После того как швейцар принял у него пальто и кепку, он вошел в столовый зал и осмотрелся. Больше половины столиков были свободны. Здесь его внимание привлекла довольно приятная женщина, сидевшая за угловым столиком в одиночестве. Человек прошел к ней ближе и присел невдалеке так, чтобы хорошо её видеть.

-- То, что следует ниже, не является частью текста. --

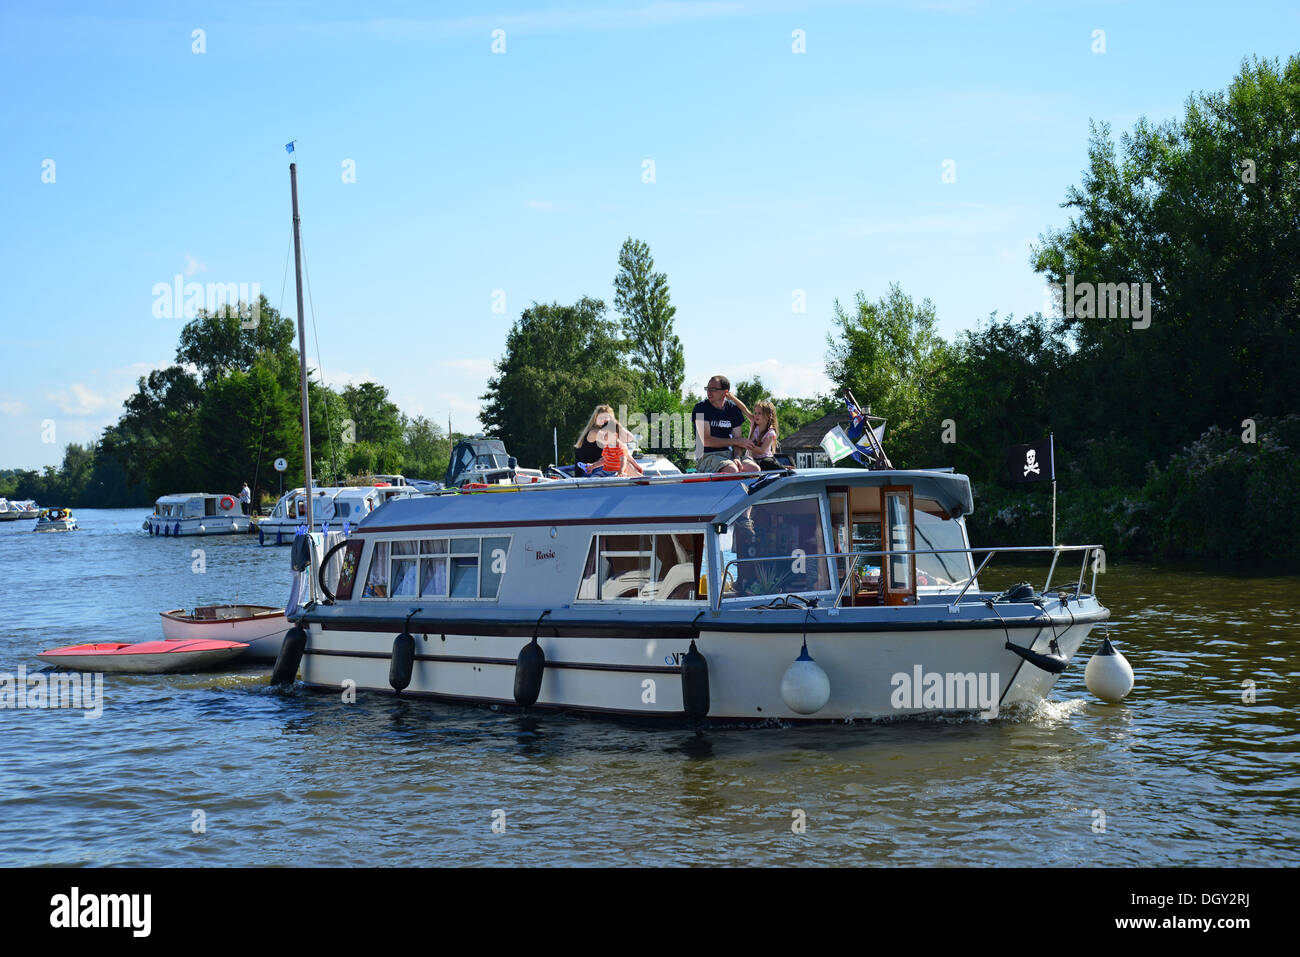 Bootsfahrten auf dem Fluss Bure, Horning, Norfolk Broads, Norfolk, England, Vereinigtes Königreich Stockfoto

Женщина была одета более изящно, чем этим можно было обеспечить себя, не выезжая из города. Её ноги обтягивали тонкие черные брюки, похожие на джинсы, но гораздо дороже. Сапоги очень тонкой кожи. Легкая накидка из того же материала, что брюки и бордовый с легким блеском свитерок под горло. На груди старинной работы медальон на двойной золотой цепочке. Руки с длинными нервными пальцами. На безымянном пальце правой руки обручальное кольцо прикрыто перстнем с натуральным темным камнем. Лицо тоже можно назвать тонким. Короткая стрижка светлых грубоватых волос. Не нужно быть большим психологом, чтобы определить, что женщина чем-то взволнована. Хотя её серые глаза постоянно были направлены в пространство, она как бы разговаривала сама с собой – губы всё время меняли очертание вместе с тонкими крыльями элегантного носика. Несколько раз она порывалась было взять свою сумочку, но оставляла это намерение. Руки тоже были в постоянном движении, после сумочки они то хватались за единственный стакан с водой, стоявший перед ней, то складывались вместе под подбородком.
Это была та самая Марина Ярошевская. Писательница. Оставив беспорядок в доме, и даже не выключив свет в комнатах, она сначала зашла в аптеку и купила там пачку сильнодействующего снотворного, потом пришла сюда и устроилась за этим столиком, еще не решаясь что либо предпринять.
Получив от официантки кружку пива, мужчина встал и подошел к Марине. Поклонившись, он испросил разрешения присесть, что тут же и исполнил, не дождавшись ни единого слова и приняв это за согласие.
- Могу я вам чем-то помочь?
- Вряд ли…- Марина теперь только обратила внимание на мужчину в странных темных очках.
- А если я вам скажу, что знаю, что лежит в вашей сумочке… и знаю, зачем оно вам?
- Вы ясновидец или ищейка?
- Ни то, ни другое.
- Вам очки не мешают? Вроде солнце не очень слепит?
- Извините, - мужчина снял очки и положил их на столик, отхлебнул пива из своей кружки и твердо посмотрел на Марину, - Разрешите представиться… Шахов, Вадим Шахов.
- Марина… - она хотела было произнести грубость и отправить нежданного соседа за свой столик, но, заглянув ему в глаза, передумала, - Просто Марина. Фамилии у меня нет и, наверное, больше не будет. У вас интересные глаза. Они как будто старше всего остального лица как минимум в два раза. Очень умные и печальные глаза… понимаю, почему вы их прячете под очками.
- Ну…
- Не возражайте. Я хочу, чтоб в конце моей жизни осталось светлое пятно в виде ваших глаз.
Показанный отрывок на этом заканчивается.